*EXERCISE REQUIREMENTS*. Within the entries below, output exactly the lines between the line containing "Energielabel Meddosestraat 36 Winterswijk" and the line containing "ford, Mustang, Rtr, Monster, Energy, Drift, Race, Racing", inclusive, and omit any picture.

*TASK INPUTS*.
-=-=-

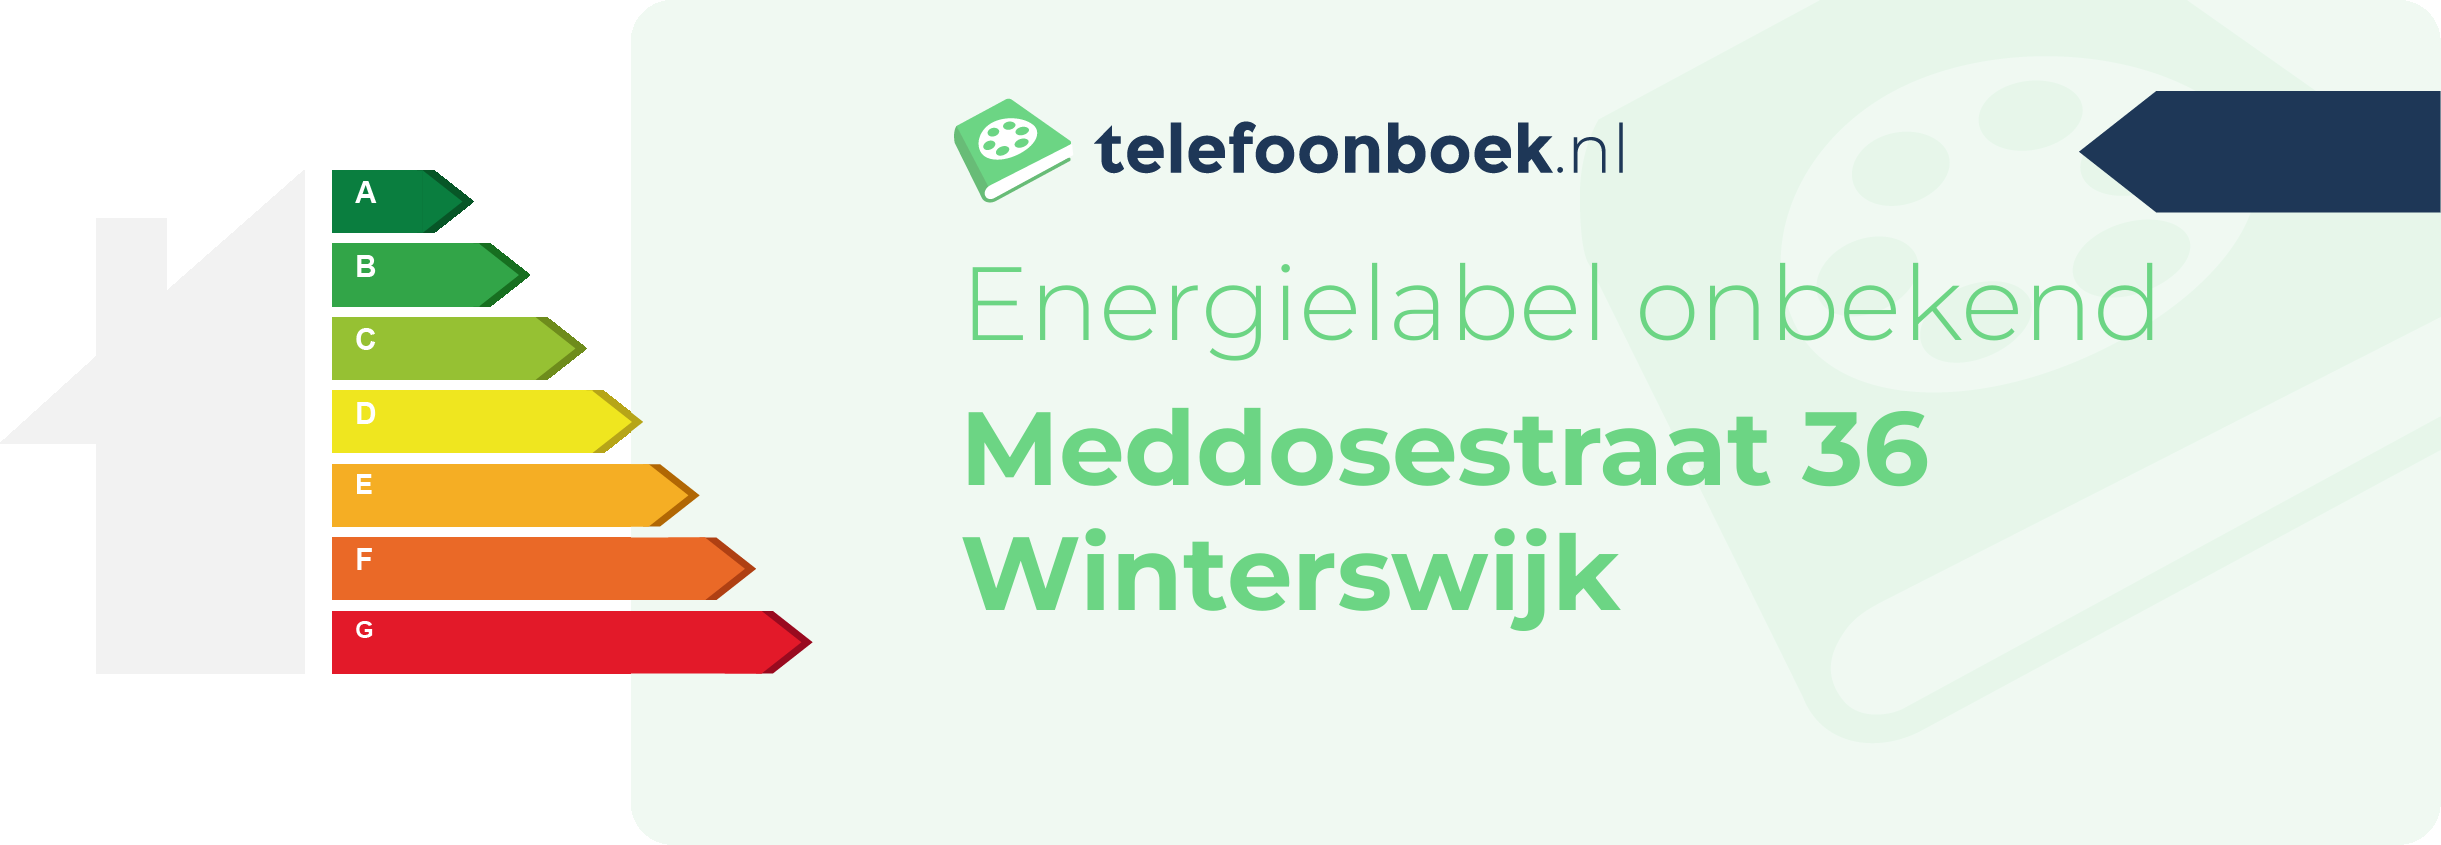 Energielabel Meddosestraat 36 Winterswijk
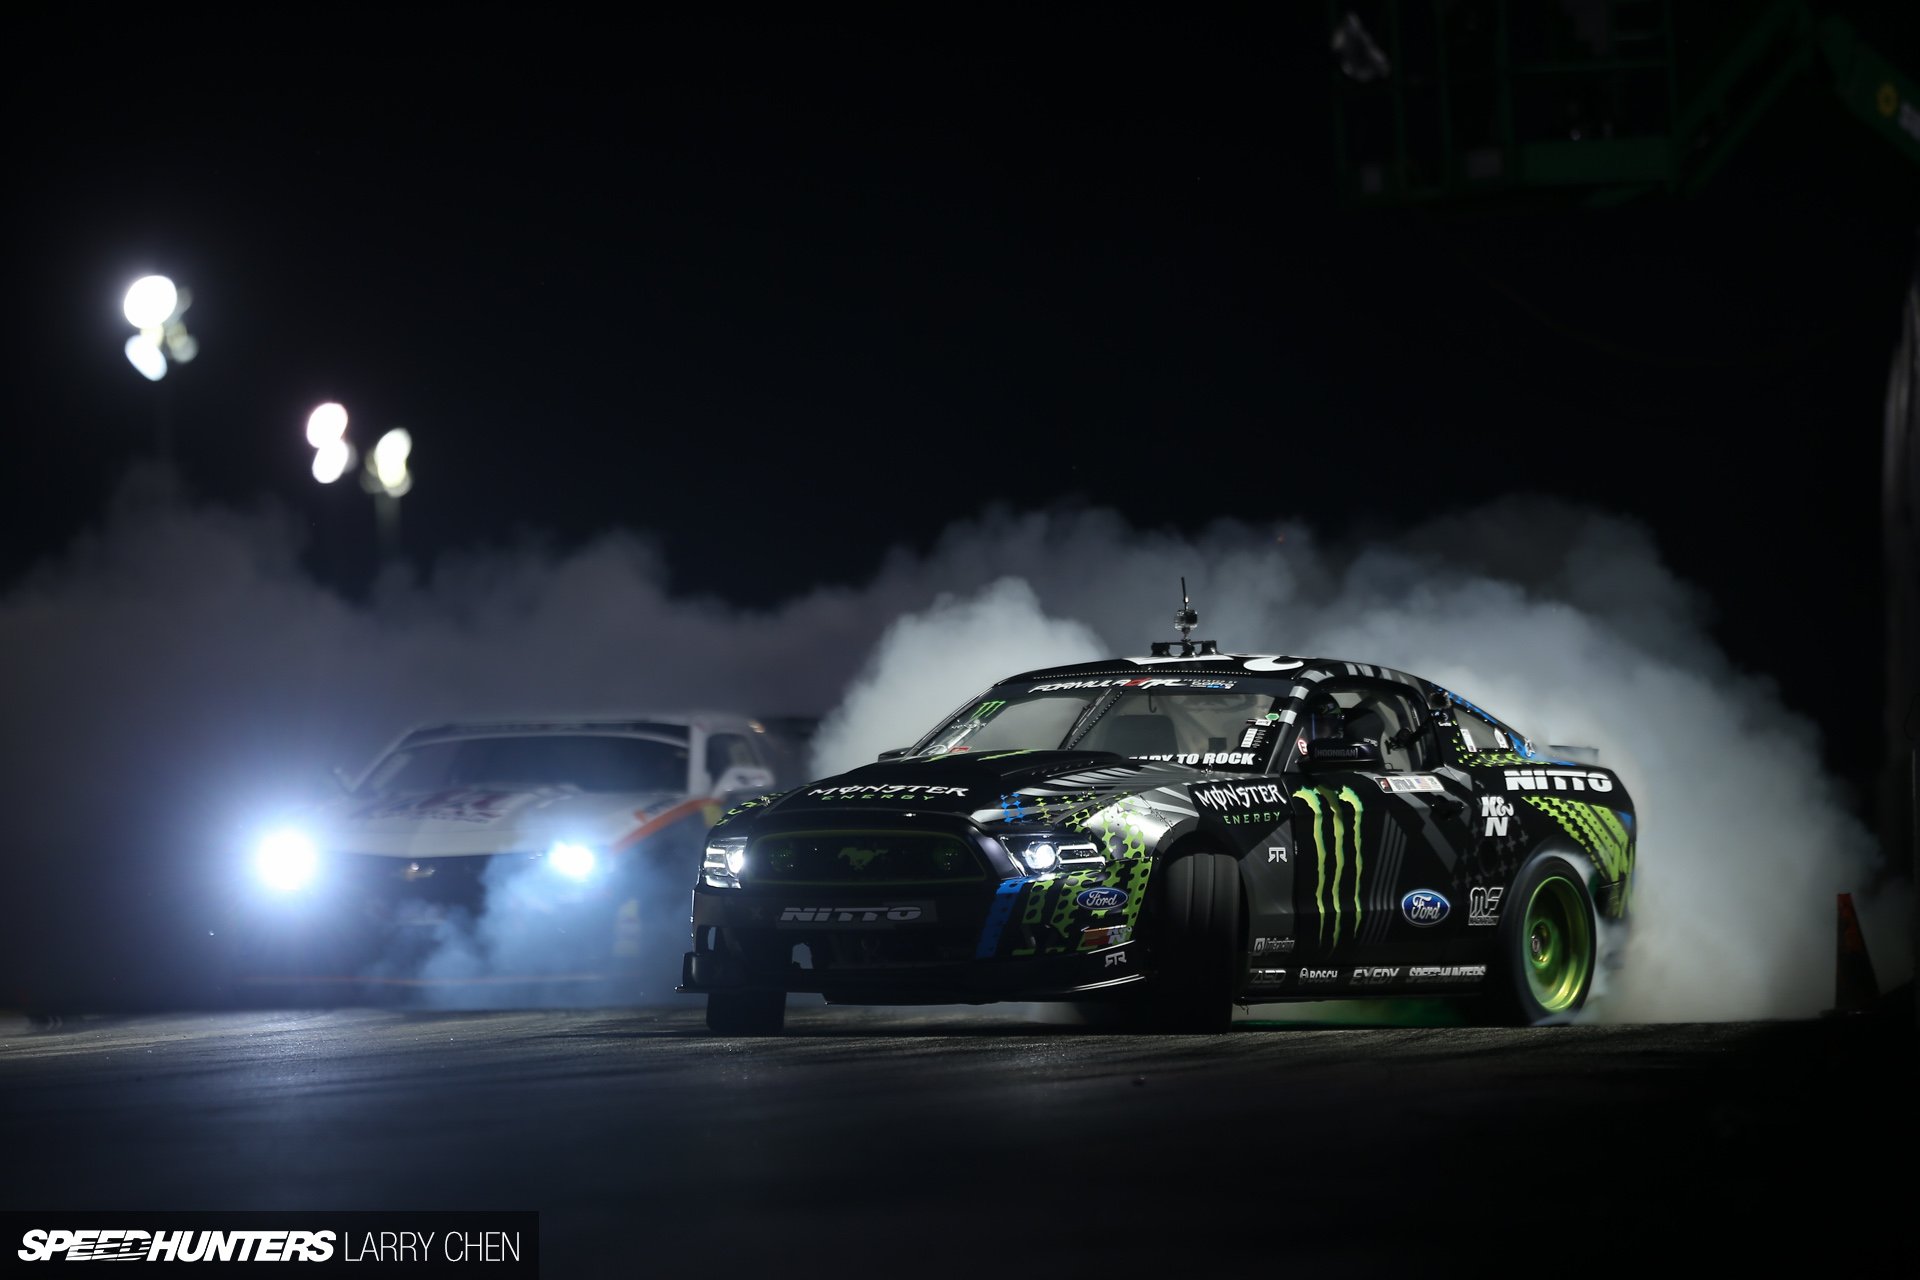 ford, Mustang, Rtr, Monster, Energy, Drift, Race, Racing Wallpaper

-=-=-

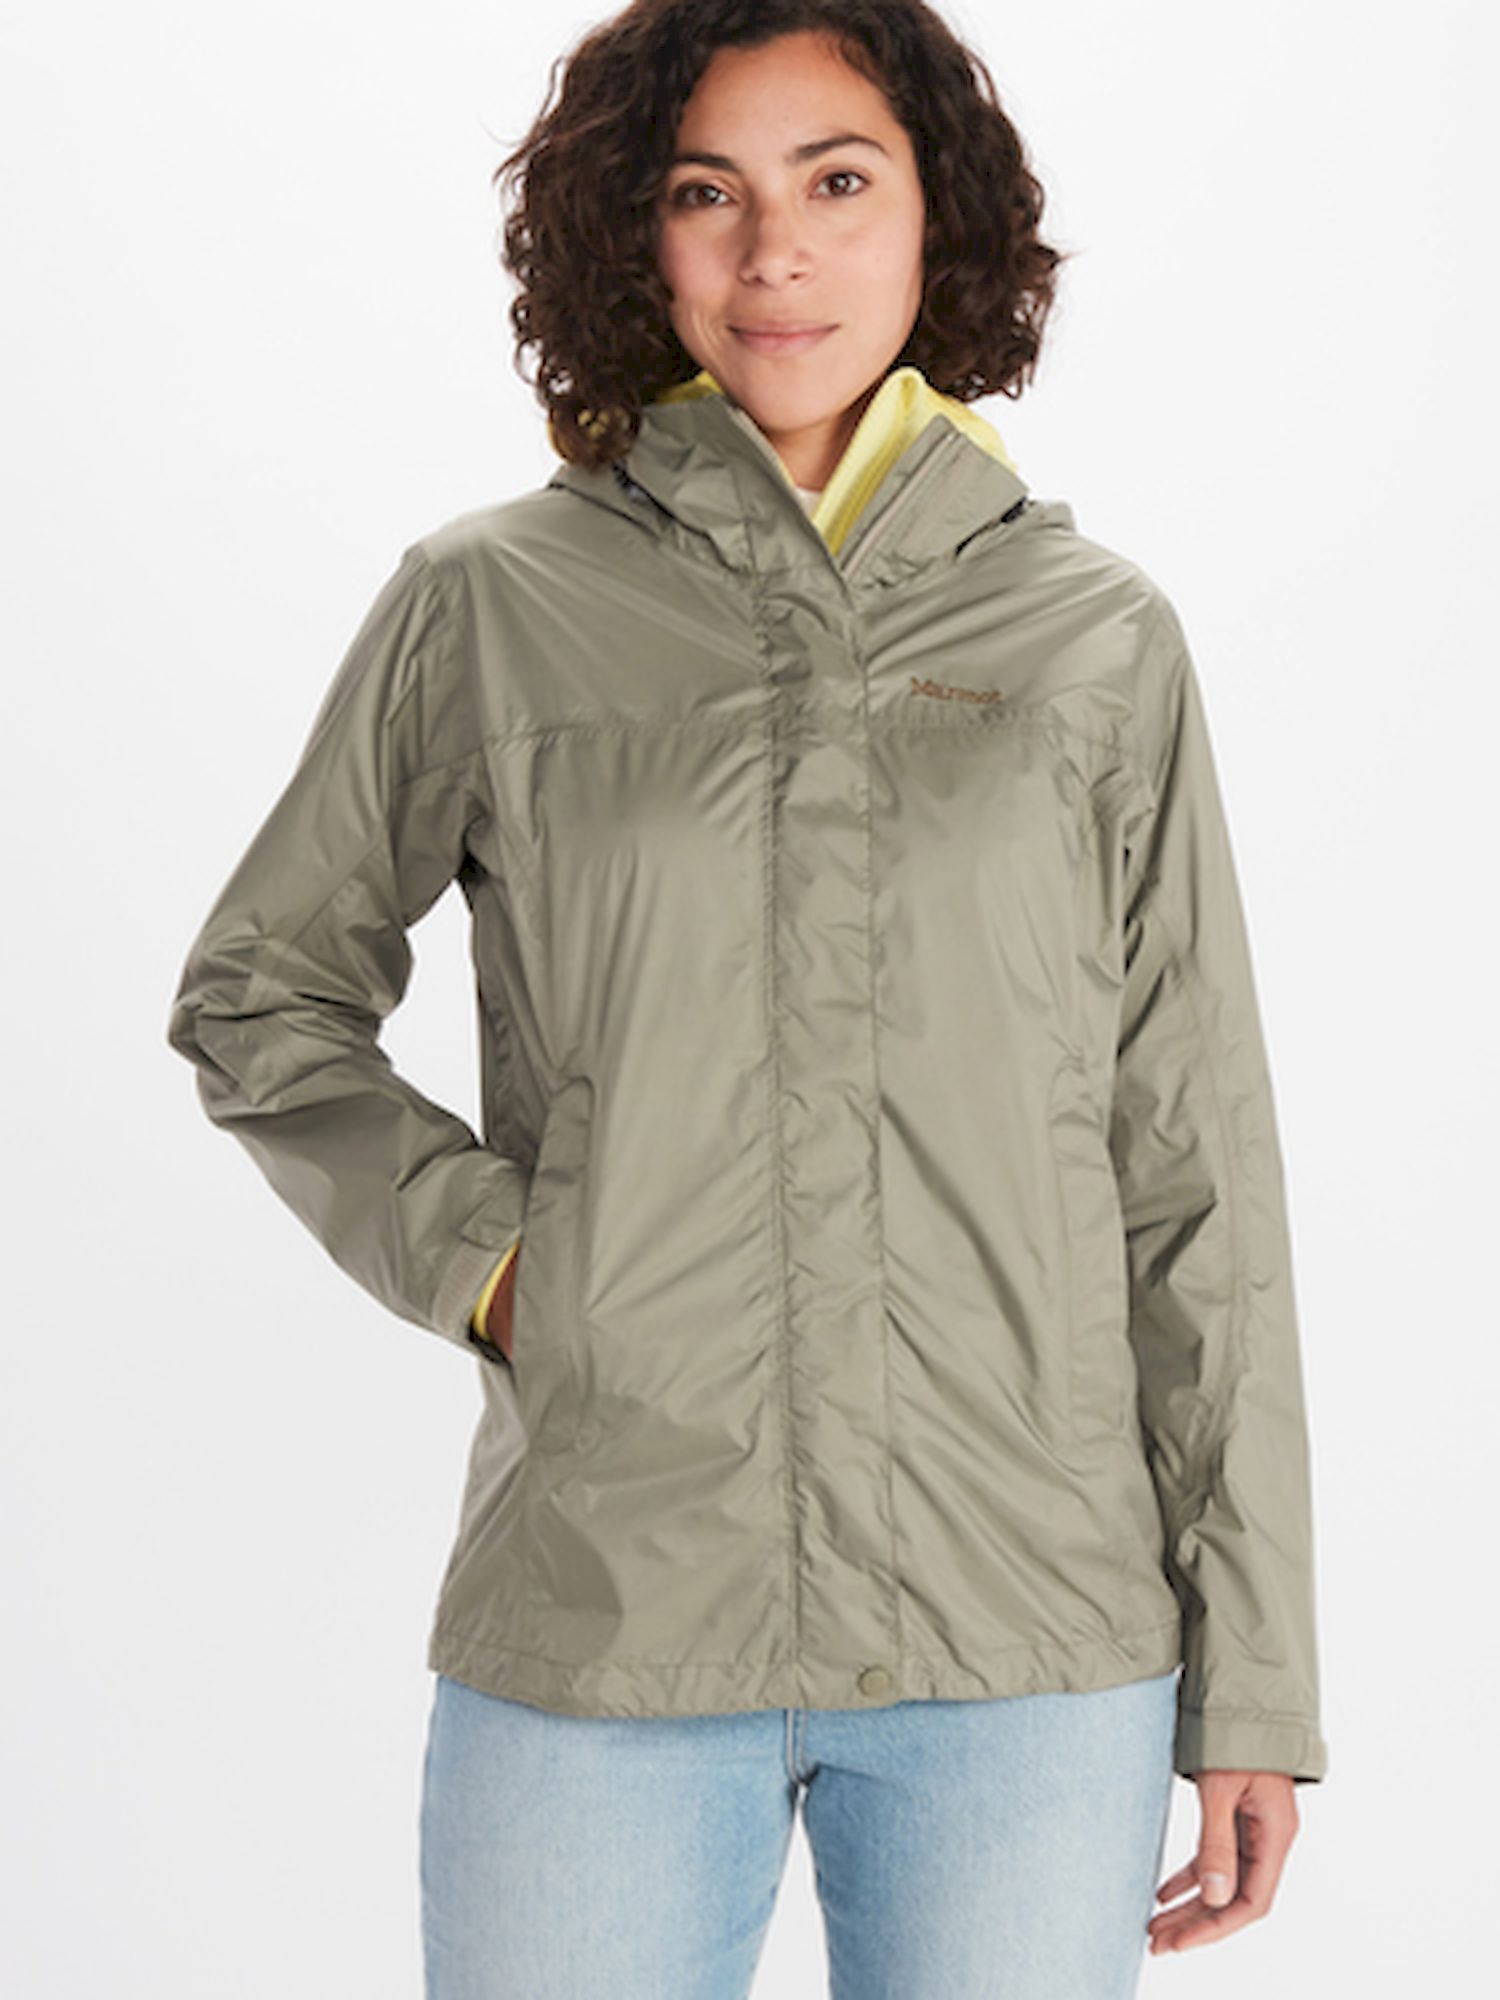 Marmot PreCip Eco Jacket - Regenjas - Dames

-=-=-

*REPLY*.
 Energielabel Meddosestraat 36 Winterswijk
 ford, Mustang, Rtr, Monster, Energy, Drift, Race, Racing Wallpaper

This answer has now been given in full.